Ты только кивнул головой. Когда мы с ней остались вдвоем, я попытался выступить в твою защиту.
– Ты можешь делать как знаешь, – ответила она мне, – ты отец. Для меня это вопрос принципиальный. Эту лодку он должен был получить на определенных условиях. Между ним и нами было заключено определенное соглашение. Он этих условий не выполнил. Он не только провалил латынь, но плохо занимался и по другим предметам. Если ты приучишь его к незаслуженным подаркам, ты окажешь ему дурную услугу.
Повторяю, я понимал ее точку зрения и ни в чем ее не обвинял. И все же спустя некоторое время я прокрался в твою комнату – ты делал вид, что читаешь роман, – и шепотом сказал:
– Все в порядке! Будет у тебя лодка!
Тогда ты ответил, глядя твердым мужским взглядом, и я уверен, что в этом взгляде не было сострадания:
– Не делай этого, папа.
– Тс-с! Лодка уже будет в Аркашоне, когда мы туда приедем.

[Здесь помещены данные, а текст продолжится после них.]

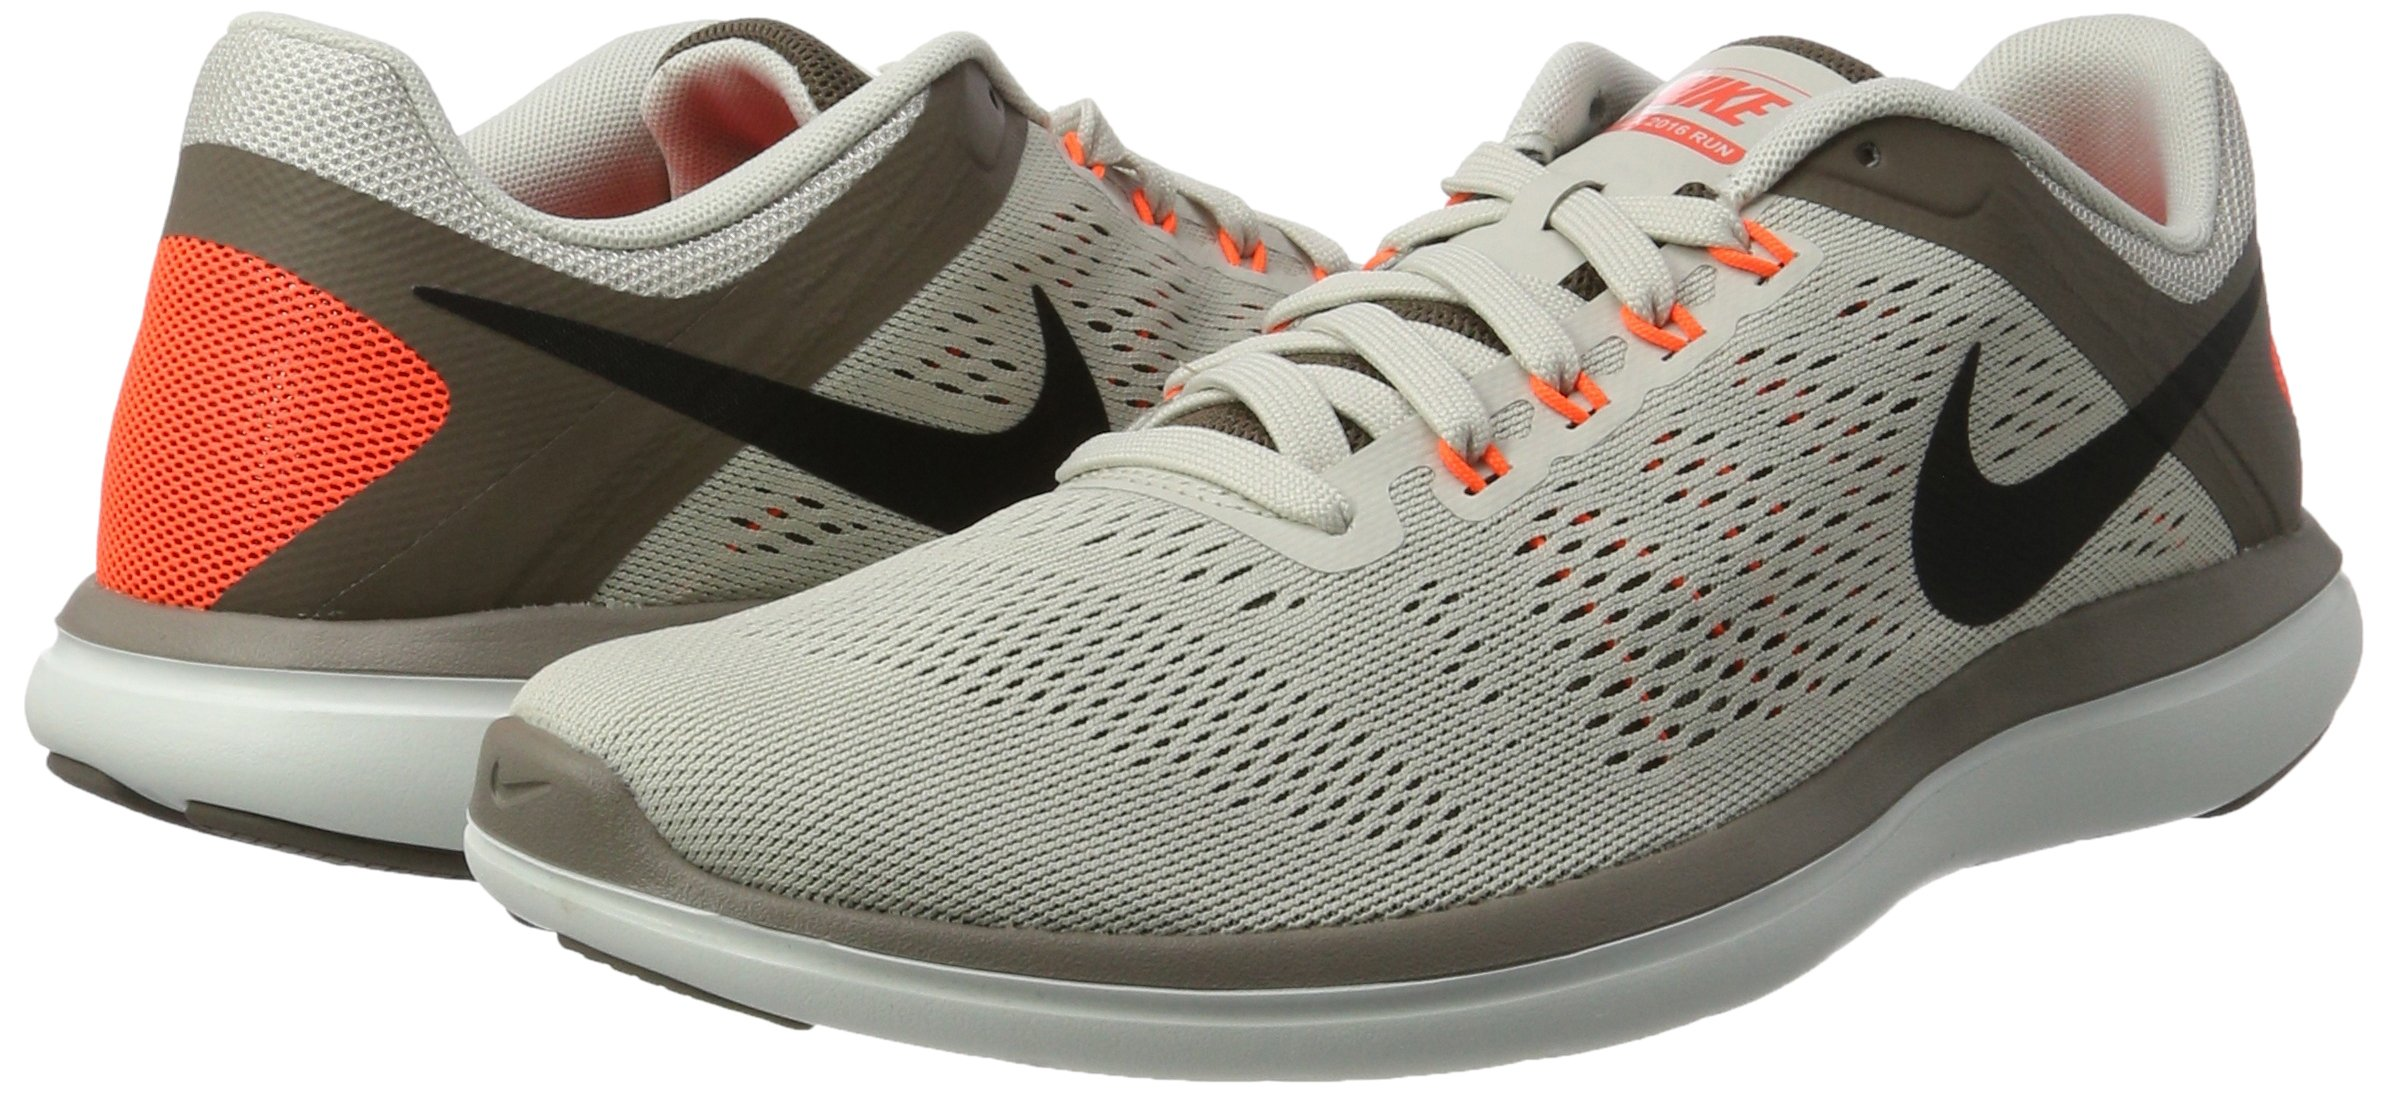 Nike Mens Flex 2016 RN Running Shoe Light Bone/Dark Mushroom/Hyper Orange/Black 8.5 D(M) US by NIKE (Image #5)
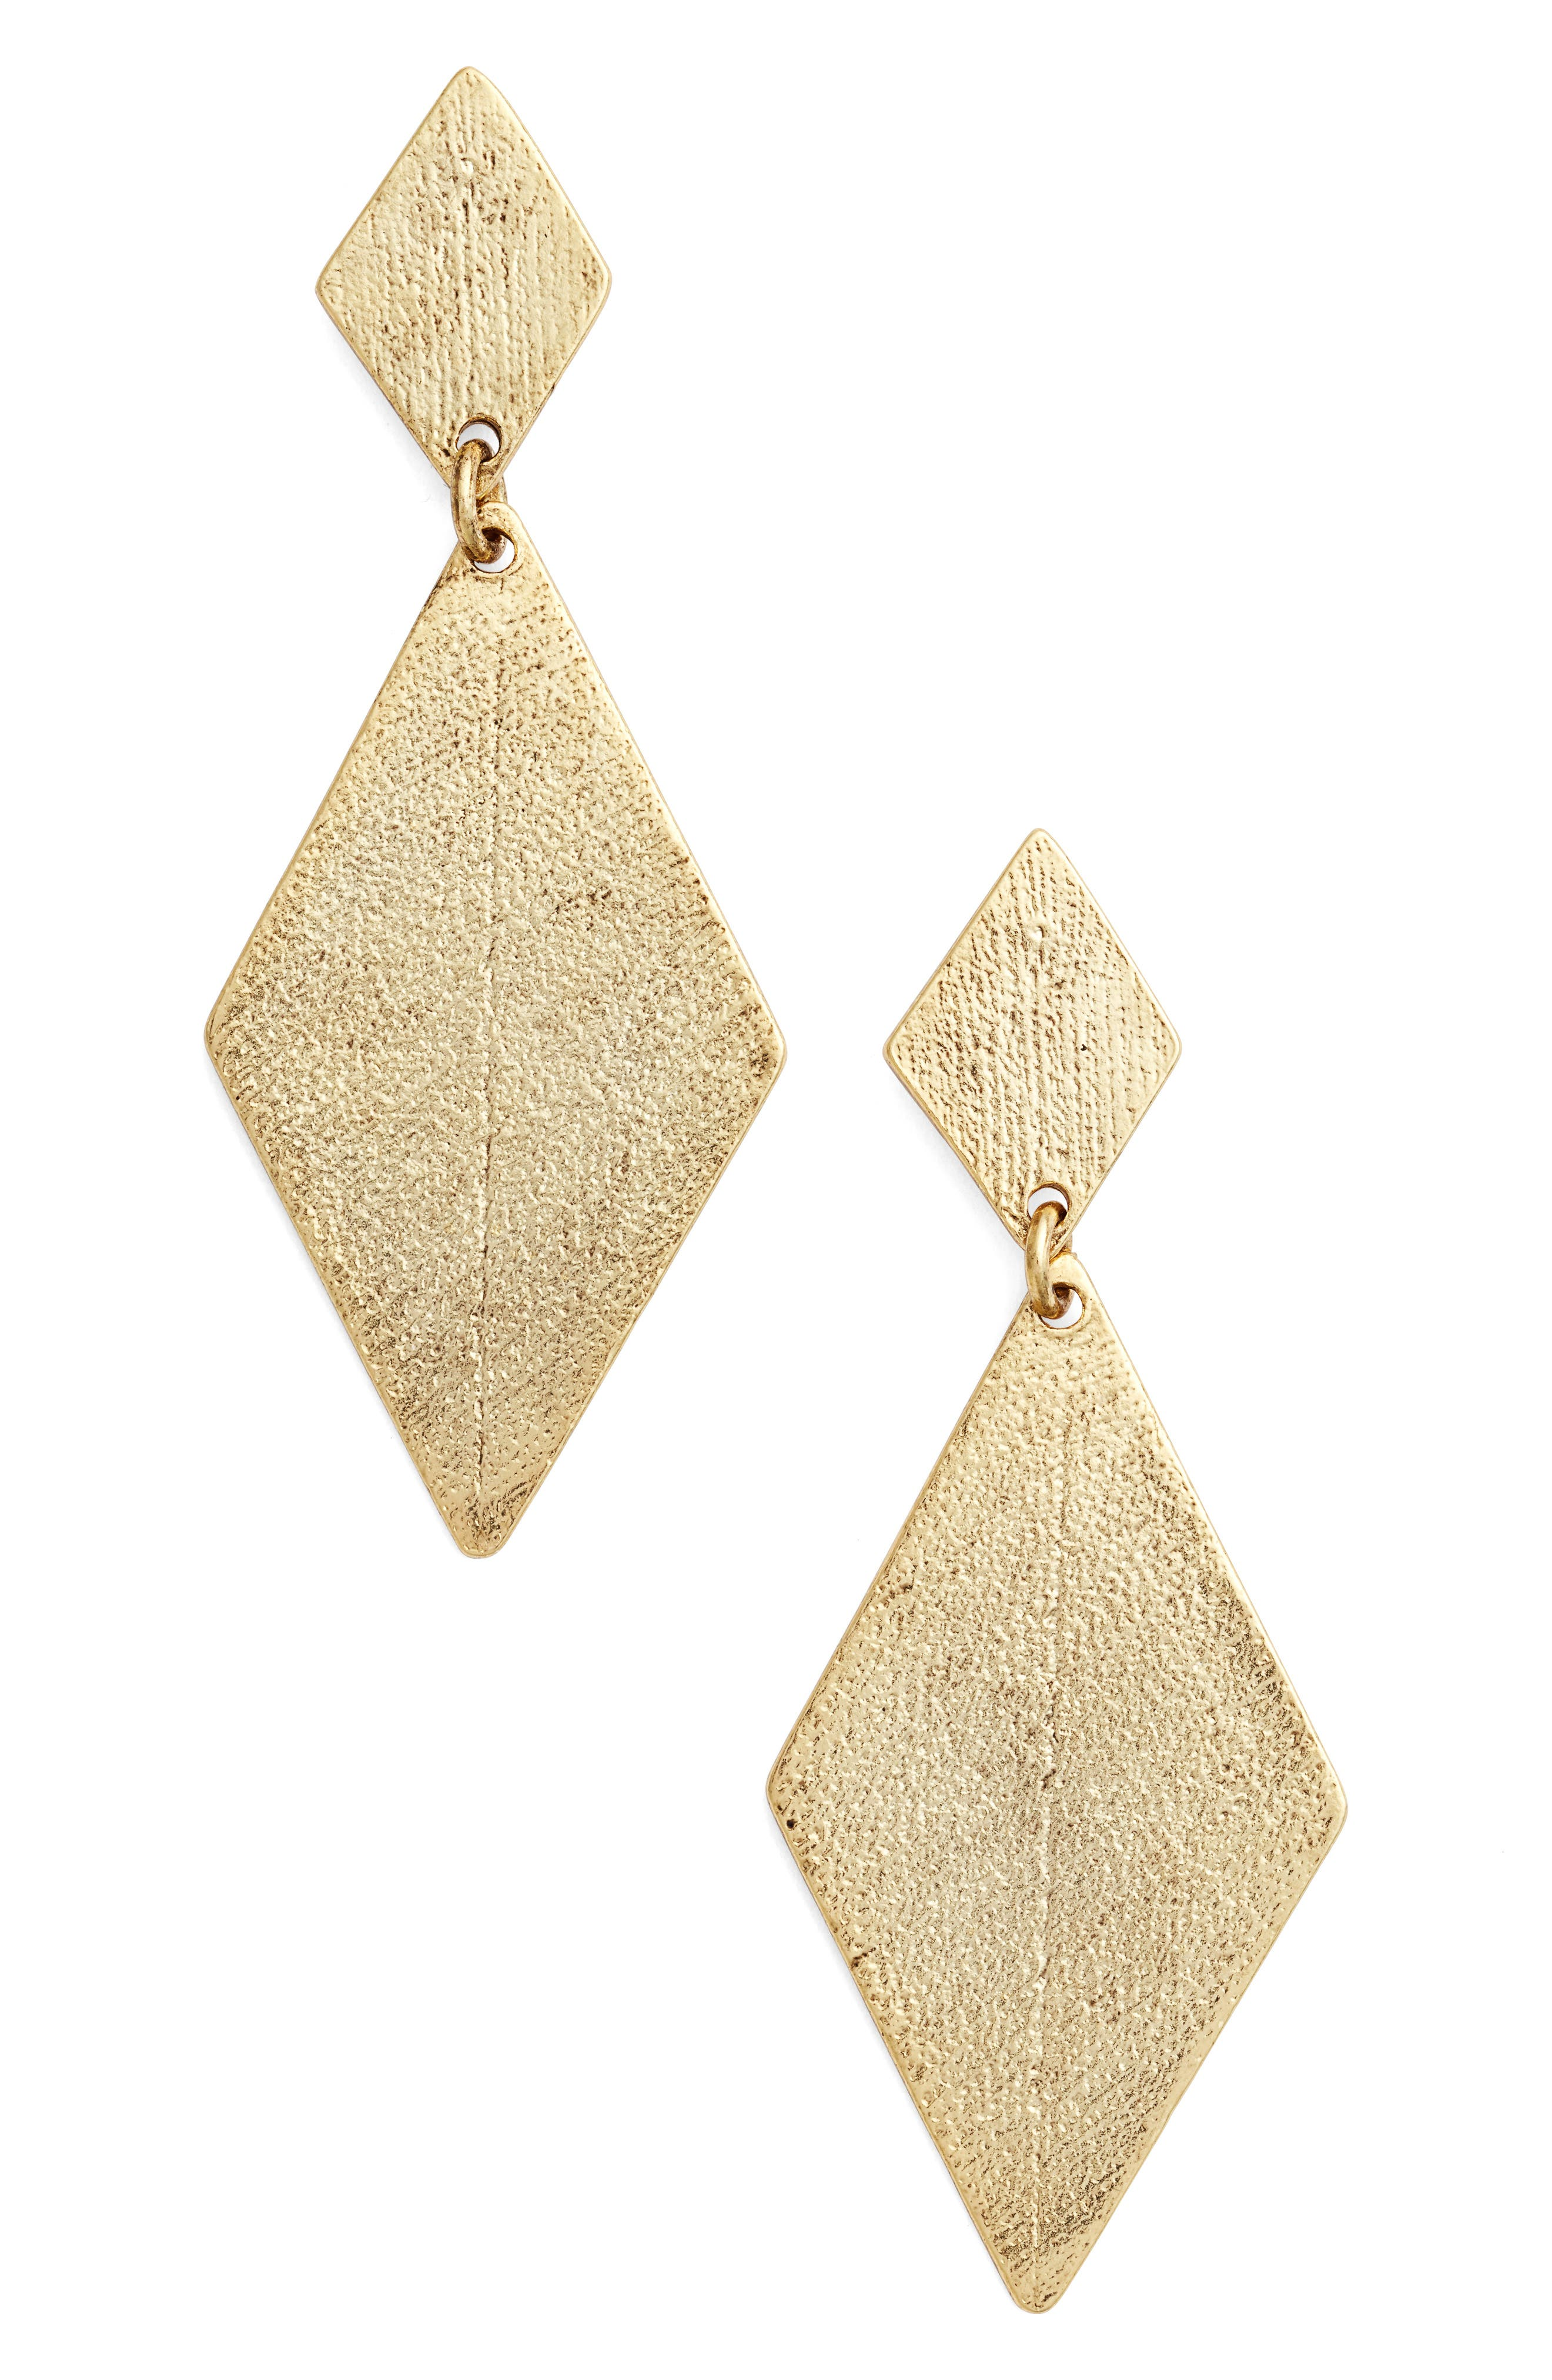 Alternate Image 1 Selected - Karine Sultan Kite Earrings

– Все равно я не буду ею пользоваться.
Тебя я тоже понимал. Я понимал вас обоих. В Аркашоне ты пробыл пятнадцать дней и ни разу не ездил на лодке. Она простояла в саду виллы, которую мы снимали каждый год.
У тебя было ощущение, что ты за нее не «заплатил».
Пишу я тебе об этом потому, что у меня тоже есть своя моторная лодка. Один человек сделал для меня однажды нечто, что обязывает меня всю жизнь быть первым или вторым.
Вот почему от двадцати до тридцати лет я столько работал, не позволяя себе того, что называют удовольствиями.
Первым я не стал, потому что сделан не из того теста. И все же мне нужно, мне совершенно необходимо быть хотя бы вторым, быть человеком «порядочным» не только в твоих глазах, но и в своих собственных.
В сущности, именно это я и пытаюсь доказать самому себе с той самой минуты, как начал тебе писать.
ГЛАВА ПЯТАЯ
Я был примерно такого же роста, как ты, только шире в плечах, ибо был тогда на три года старше тебя, и вот что к тому времени я знал grosso modo [9]9
В общих чертах (лат.).
[Закрыть]о своей семье.
Прежде всего – и мне кажется, это сыграло свою роль, – я ни разу не жил в обычном доме, в обычной квартире, как все другие дети. Но всегда в казенных зданиях, в огромных, более или менее роскошных квартирах.
Когда я родился, мой отец Филипп Лефрансуа, уже доктор прав – ему в ту пору было двадцать шесть лет, – только что вступил на административное поприще и получил должность начальника канцелярии префекта в Гапе, в Верхних Альпах. Мне было три года, когда он получил супрефектуру в Мийо, в Авейроне, а в школу я пошел уже в Грассе, куда его затем перевели.
Потом я учился в лицее в По, затем в Ла-Рошели, где мы прожили около семи лет. Таким образом, Ла-Рошель была для меня в детстве единственным городом, который я успел узнать, остальные города оставили у меня лишь смутное воспоминание.
Едва я успевал привыкнуть к нашей квартире, к своей комнате, к учителям, едва появлялись у меня товарищи, как мы переезжали – и опять новая квартира, новая приемная, новые лица.
Там, в Ла-Рошели, моя сестра, твоя тетка Арлетта, вышла замуж за Пьера Ваше, он, как я уже говорил, был начальником отдела общественных работ, и, так как молодые не могли или делали вид, что не могут найти себе квартиру, они поселились вместе с нами в огромном помещении, отведенном для префекта.
Только одно преимущество было у меня перед тобой. Тебе вилла «Магали» и ее обитатели внушили самое невыгодное представление о твоей семье, твоих «прародителях». Во мне же оба деда, так же как и бабка с материнской стороны (матери отца я не знал), вызывали чувство глубокого почтения.
Хочешь, углубимся в еще более отдаленное прошлое? Отец моего деда Урбен Лефрансуа, живший с 1823 по 1899 год, был знаком с такими людьми, как Виктор Гюго, Ламартин, Делакруа, среди его бумаг есть письма от Жорж Санд и Дюма-отца, он был другом писателей и художников.
Тебе попадались, конечно, в учебнике истории портреты герцога де Морни, так вот твой прапрадед был немного похож на него – представь его одетым по моде Второй империи. Он был принят при дворе, и, говорят, императрица Евгения находила его остроумным собеседником.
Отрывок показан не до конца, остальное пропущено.